I see that http://www.milliyet.com.tr/robots.txt exists.
Ahmet
--- On Sat, 11/17/12, Ahmet Arslan <io...@yahoo.com> wrote:
> From: Ahmet Arslan <io...@yahoo.com>
> Subject: Re: Anyone out there using RSS connector, who wants to help?
> To: dev@manifoldcf.apache.org
> Date: Saturday, November 17, 2012, 11:11 PM
> Hi Karl,
>
> Never used rss connector. But here is what I have done.
>
> I defined a job to crawl using mcf-trunk. mfc-trunk crawled
> following two URLs:
>
> http://www.milliyet.com.tr/D/rss/rss/Rss_24.xml
> http://rss.hurriyet.com.tr/rss.aspx?sectionId=2
>
> With CONNECTORS-120 branch I can crawl
>
> http://rss.hurriyet.com.tr/rss.aspx?sectionId=2
>
> but http://www.milliyet.com.tr/D/rss/rss/Rss_24.xml gives
> status of "Error: Repeated service interruptions - failure
> getting document version"
>
> I see these in the log file :
>
> WARN 2012-11-17 23:01:17,649 (Worker thread '31') -
> Pre-ingest service interruption reported for job
> 1353185325276 connection 'rss': Couldn't fetch robots.txt
> from http://www.milliyet.com.tr:-1
> ERROR 2012-11-17 23:01:17,802 (Worker thread '31') -
> Exception tossed: Repeated service interruptions - failure
> getting document version
> org.apache.manifoldcf.core.interfaces.ManifoldCFException:
> Repeated service interruptions - failure getting document
> version
> at
> org.apache.manifoldcf.crawler.system.WorkerThread.run(WorkerThread.java:339)
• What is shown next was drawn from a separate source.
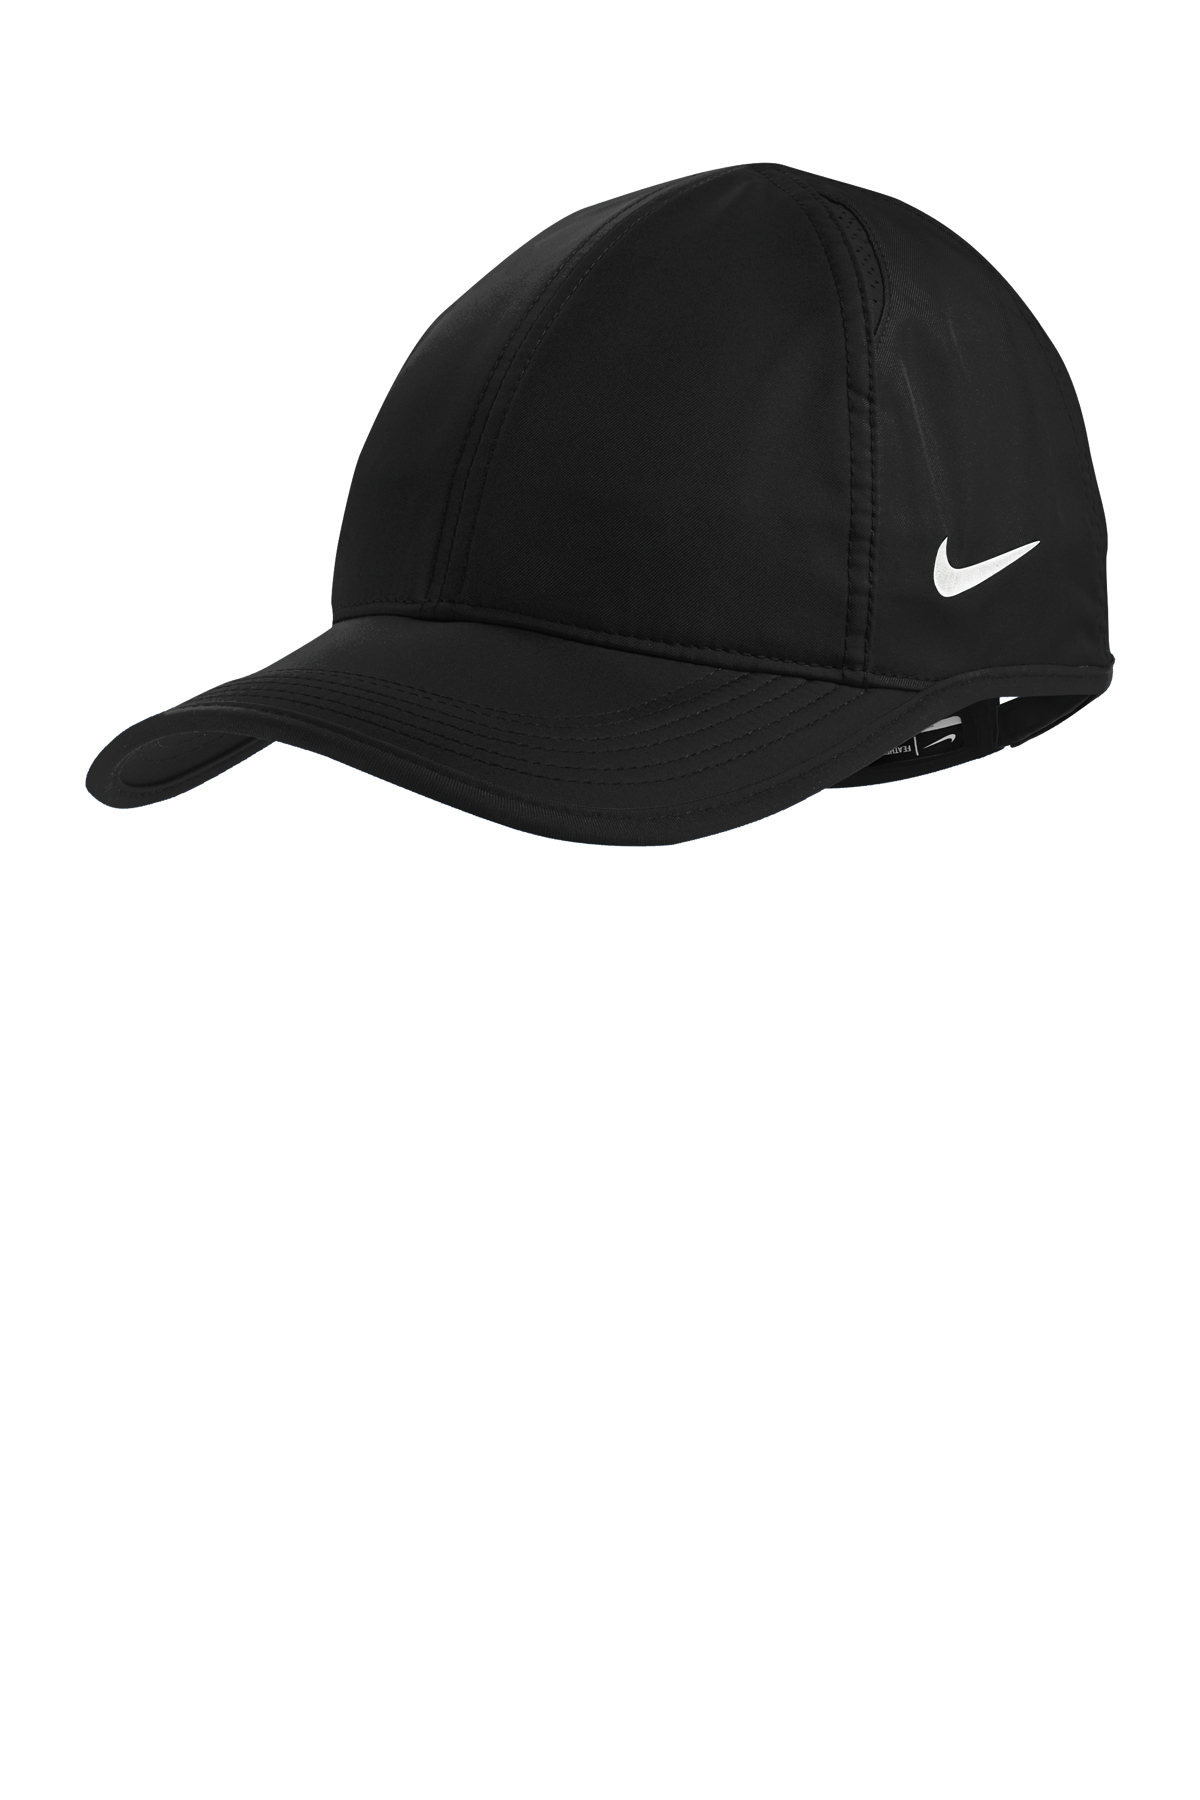 Nike Dri-FIT Featherlight Performance Cap, Product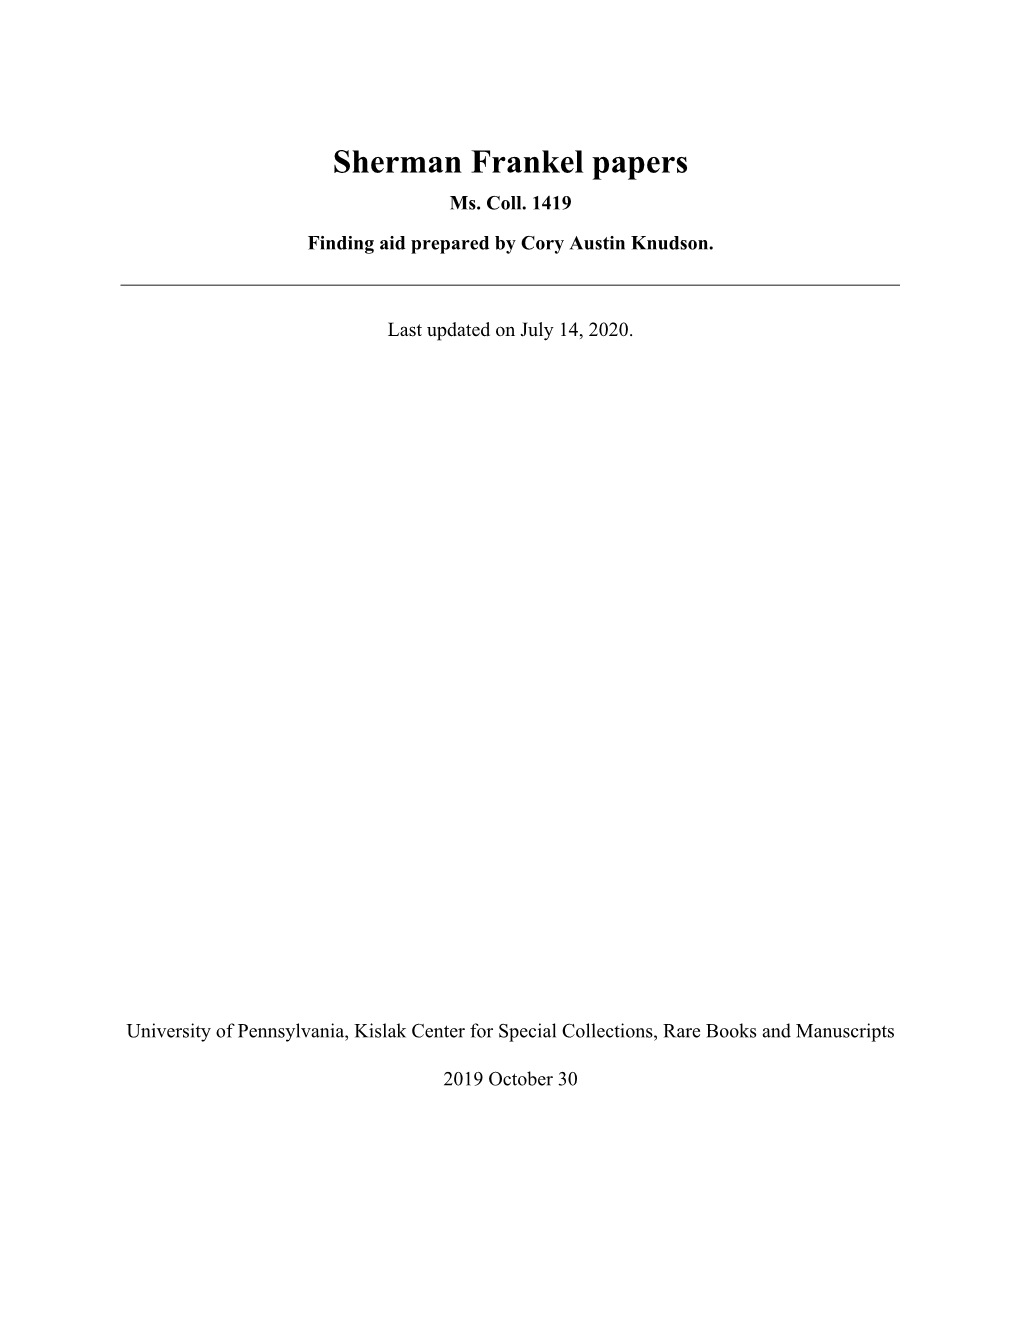 Sherman Frankel Papers Ms

> WARN 2012-11-17 23:02:27,307 (Worker thread '30') -
> Pre-ingest service interruption reported for job
> 1353185325276 connection 'rss': Couldn't fetch robots.txt
> from http://www.milliyet.com.tr:-1
> ERROR 2012-11-17 23:02:27,329 (Worker thread '30') -
> Exception tossed: Repeated service interruptions - failure
> getting document version
> org.apache.manifoldcf.core.interfaces.ManifoldCFException:
> Repeated service interruptions - failure getting document
> version
> at
> org.apache.manifoldcf.crawler.system.WorkerThread.run(WorkerThread.java:339)
>
>
> By the way in "Dechromed Content" tab (Job Setting UI) I see
> four " "
>
> Thanks,
> Ahmet
> --- On Fri, 11/16/12, Karl Wright <da...@gmail.com>
> wrote:
>
> > From: Karl Wright <da...@gmail.com>
> > Subject: Anyone out there using RSS connector, who
> wants to help?
> > To: "dev" <de...@manifoldcf.apache.org>
> > Date: Friday, November 16, 2012, 3:54 PM
> > Hi all,
> >
> > The branch https://svn.apache.org/repos/asf/manifoldcf/branches/CONNECTORS-120
> > contains an RSS connector that has been updated to use
> > httpcomponents
> > 4.2.2. I'd love for people who are in a position to
> do
> > significant
> > RSS crawling to try it out before I pull it into
> > trunk. Any takers?
> >
> > Karl
> >
>
Re: Anyone out there using RSS connector, who wants to help?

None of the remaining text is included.